Trying to understand what you are getting at made me realize why I do not gamble I am just not smart enough or lucky enough. I had a friend try and convince me he knew a sure fire way to beat roulette but in the end the house always wins. He eventually had to admit he had a gambling addiction and quit doing it all together.


Of all the gambling games to insist you know a secret solution too, roulette has to be one of the funniest.



Like anything else, Poker is a skill that you can learn with time and practice.

It is not really related to your smartness or luck (doesn't apply to _everyone_ of course but I'd wager that the average HN reader is already smart enough for poker)


> When they call too much you should obviously not bluff!

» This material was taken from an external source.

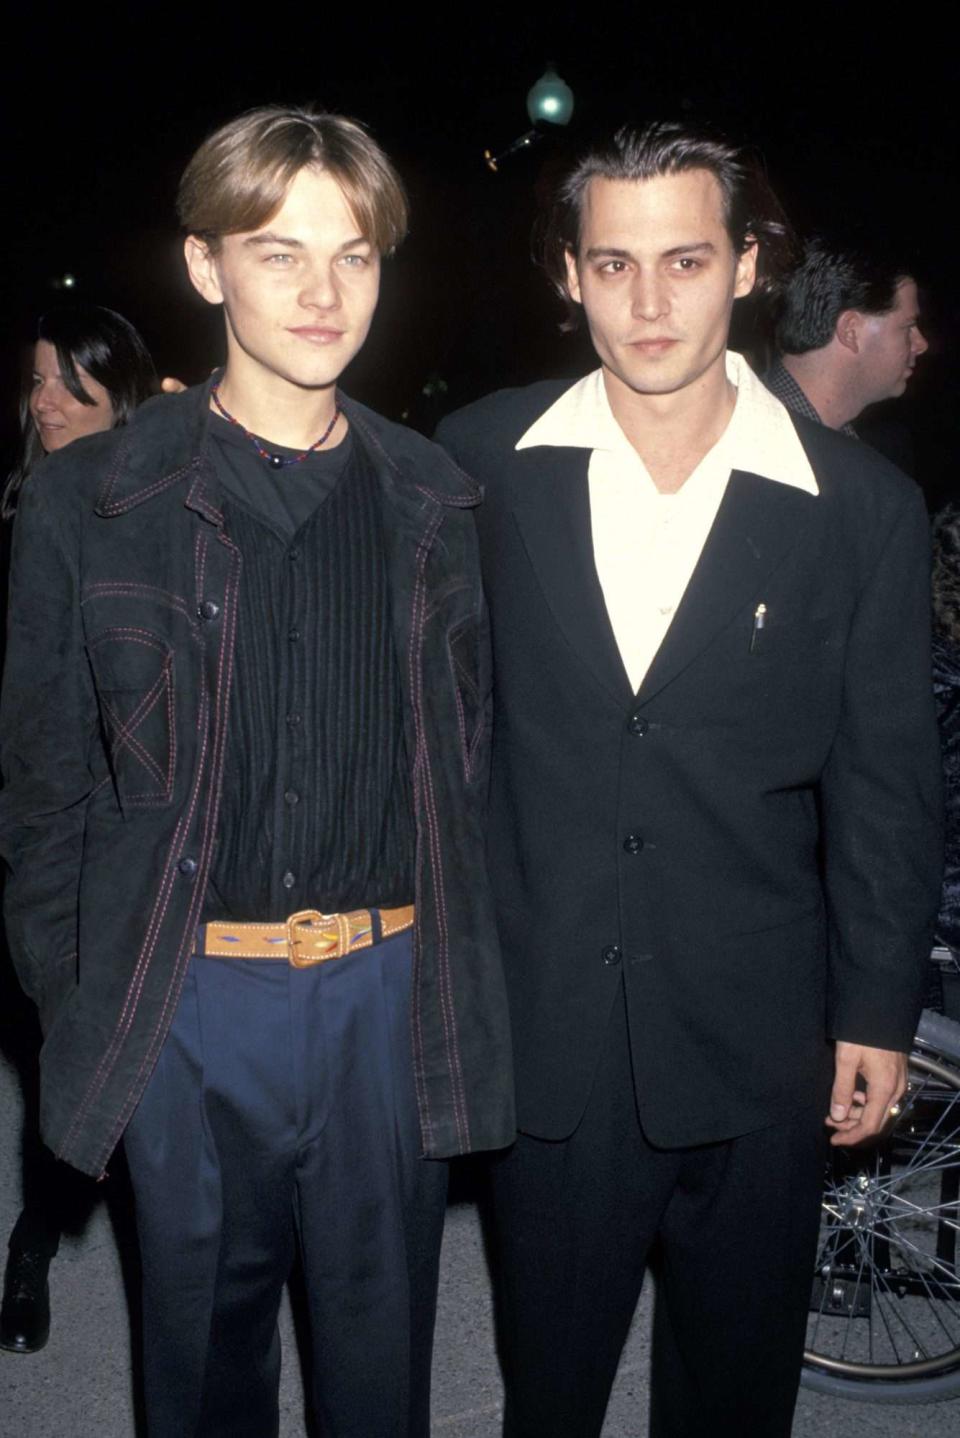 <p>Pictured here with <em>What's Eating Gilbert Grape</em> costar Johnny Depp in 1993, DiCaprio attended an event for their film — which garnered the young actor critical acclaim and his first Oscar nod.</p>

This leads to very boring games of poker.

I don't know, poker theory is all about optimal ranges and Nash equilibrium, but there's something satisfying (and very practically important, since if all your opponents even understand the phrase Nash equilibrium you should find a different game) about trying to make the most money against an opponent who calls or bluffs way too much.


I love poker, and I'm solid on the math foundations, but I still suck..

Any book/other resource recommendations for brushing up on this stuff?


Modern Poker Theory by Acevedo was the premier book on this, but I've been out of the game a few years. Idk if I'd fully trust his charts given modern sizing theory, but it's going to improve your game if you understand the concepts. If you're really serious, you want to get a solver: GTO+, PIOSolver, or GTOWizard (online version).


also there are some free [and open source] solvers fwiw

[1] https://wasm-postflop.pages.dev/ [2] https://github.com/b-inary/desktop-postflop


This is why I swear by chess. Bluffing has minimal value against best play.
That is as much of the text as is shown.